The cooked APK runs on a headset whose VrShell is patched (far-clip removal, hold-to-fly, an HSL bridge). The patched shell is delivered by a Magisk module (vrshell_hotswap) that bind-mounts the patched VrShell.apk over the system one at boot. See Device Patching. (Porting itself does not require the patched shell — a stock headset loads the cooked env; the patches add far-clip freedom and live control.)

Automation bridges (MCP)

  • hsr-renderer — drive the live desktop renderer: hsr_launch, hsr_dump (the per-mesh cook-preview), hsr_screenshot, hsr_listmesh, hsr_cmd (raw HSR_LIVE commands like at=<sec>).
  • hsr-world — read/write the patched device shell's world state (anim clock, player position).
  • quest-bridge / quest-ctl — adb-level device control (install, reload shell, logcat, screencap).
  • ida-pro-mcp — read the V79 and V205 libshell.so databases (the authority for every format).

Golden rules baked into the codebase

  1. IDA first.
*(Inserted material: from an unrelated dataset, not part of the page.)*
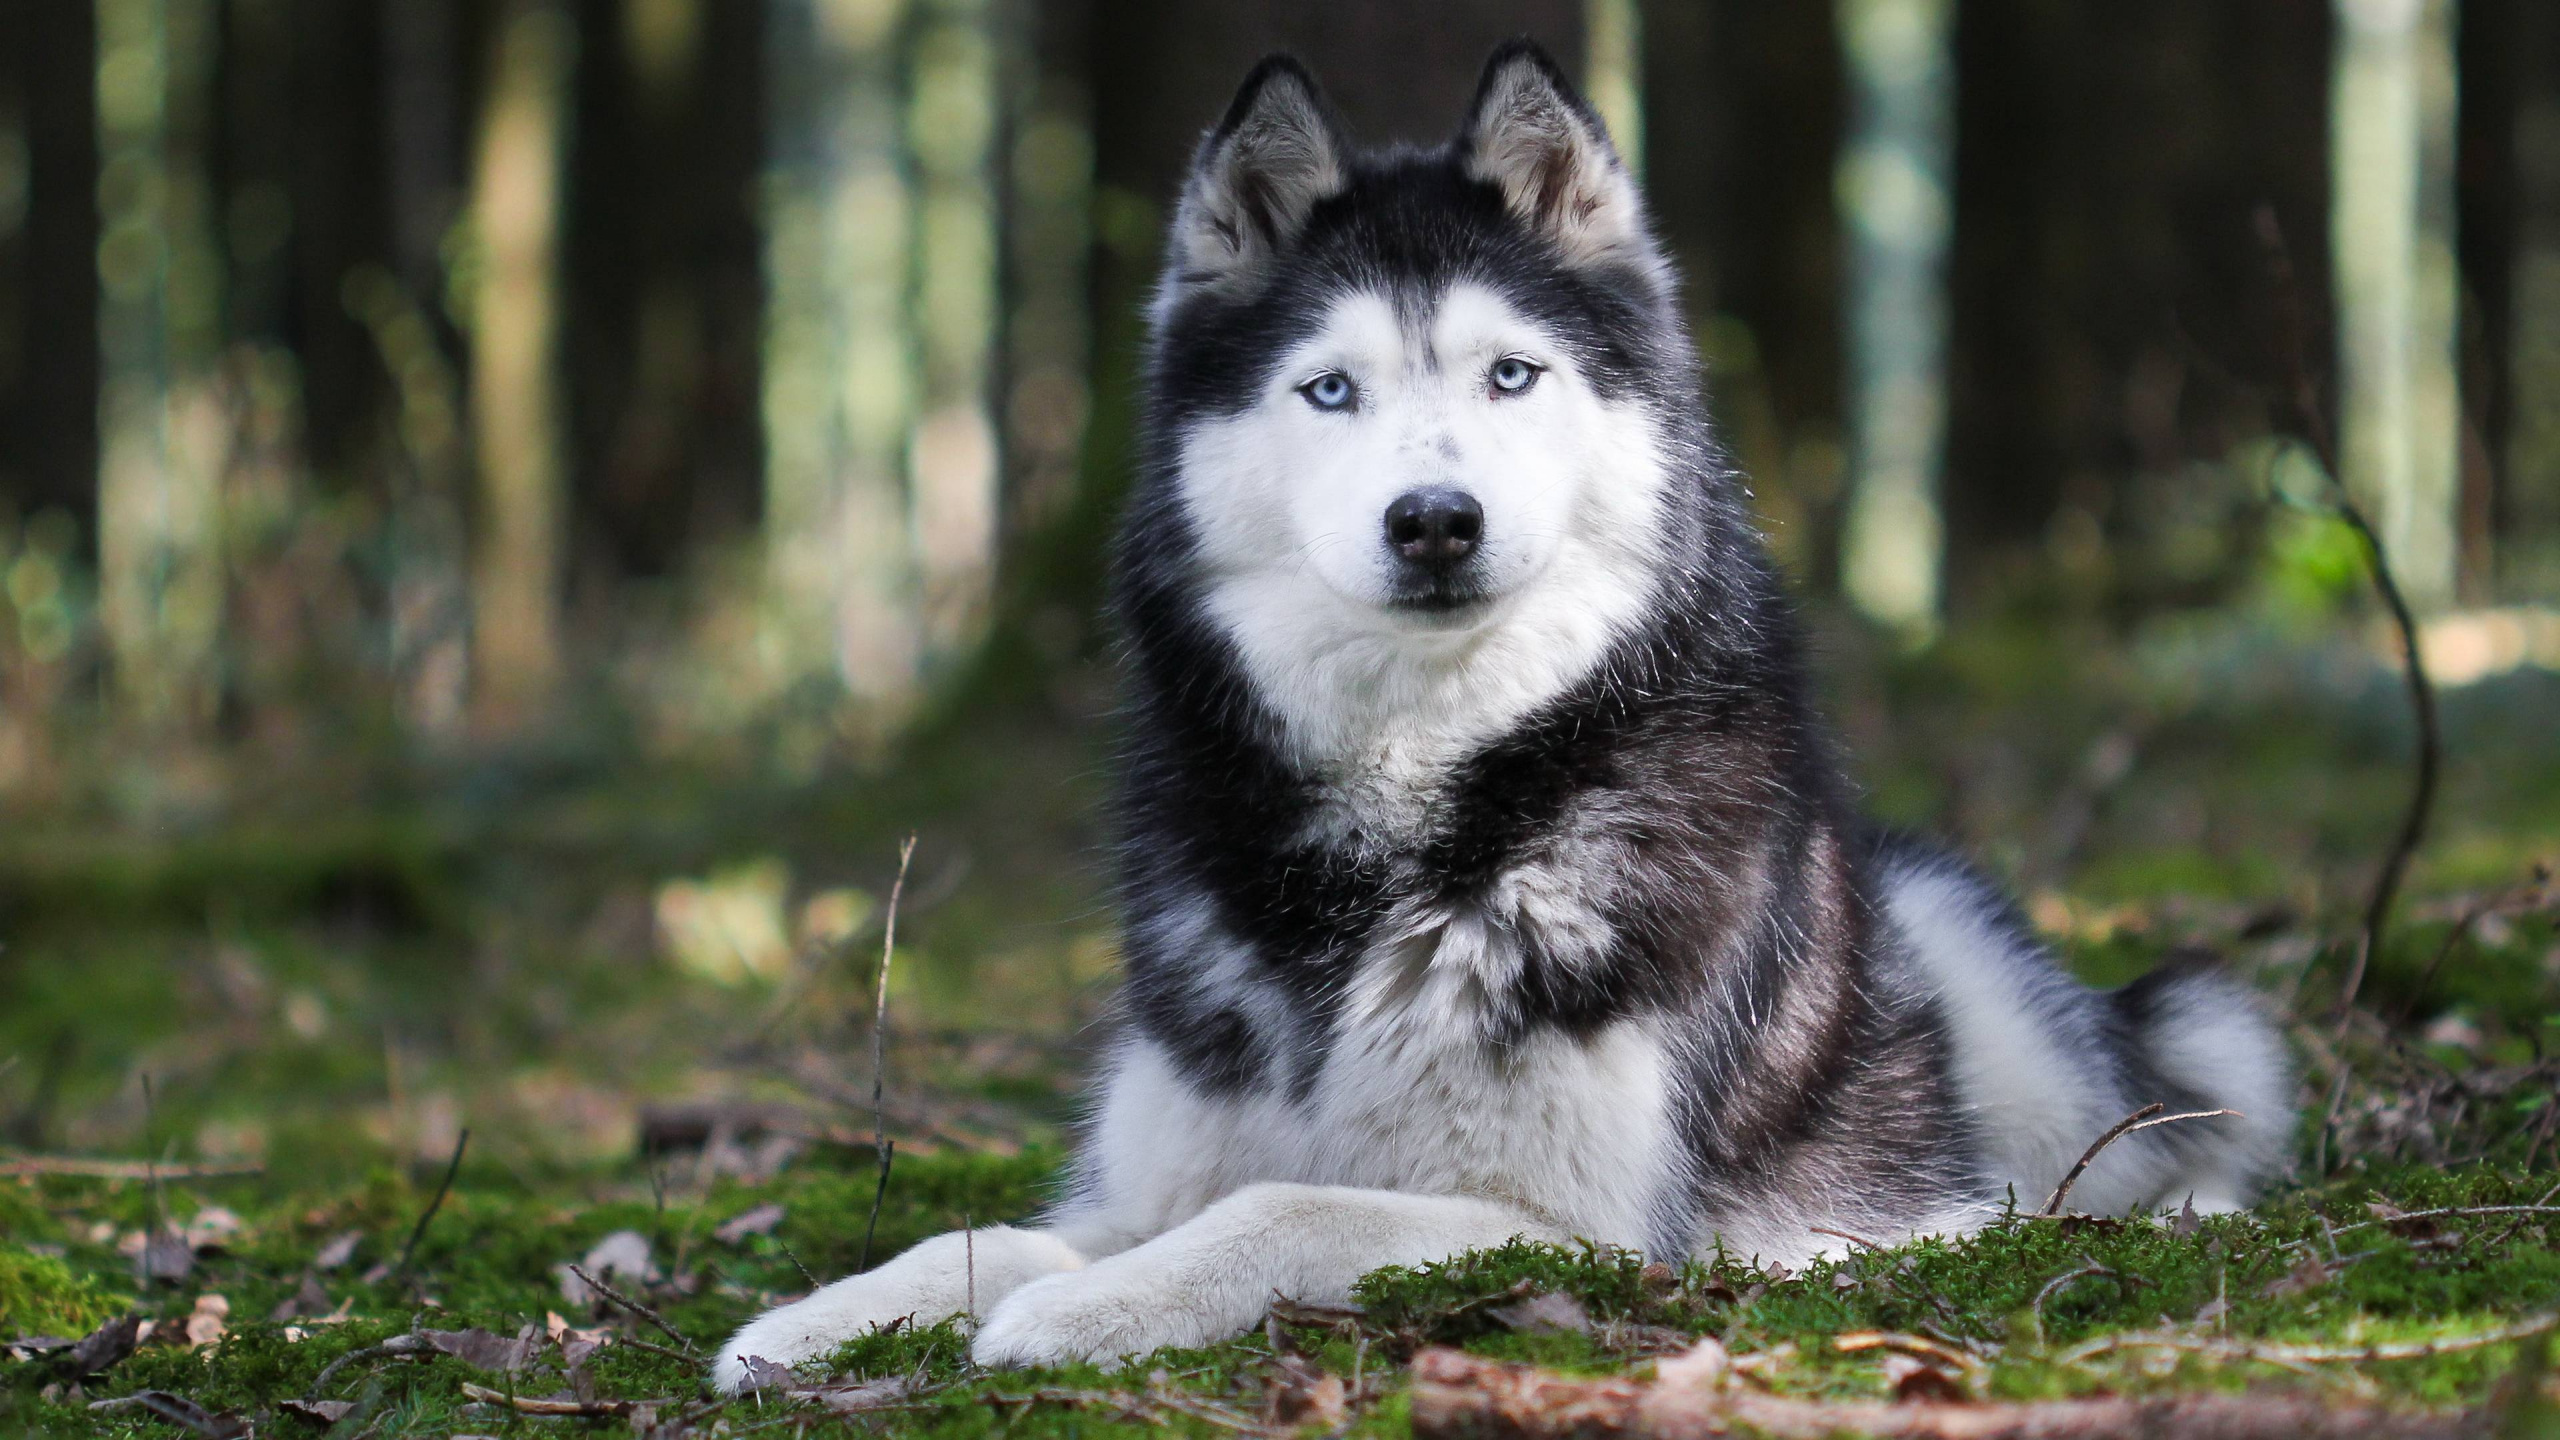 Black and White Siberian Husky Lying on Green Grass During Daytime. Wallpaper in 2560x1440 Resolution

Every shader / format / blend / transform / animation decision is traced from libshell.so, not guessed. The V79 DB and the V205.2 DB are the two sources of truth.
  2. Render-side first (for speed). Iterate in the desktop preview, then confirm on the headset — the Quest's libshell is the real renderer and the final authority; the replica can't always reproduce it.
  3. Cook = preview. The cook pulls from the same decoded structures the renderer draws, and the [COOK-ANIM] cook-preview (hsr_dump) reports exactly what device shader/animation each mesh will cook to — device-free.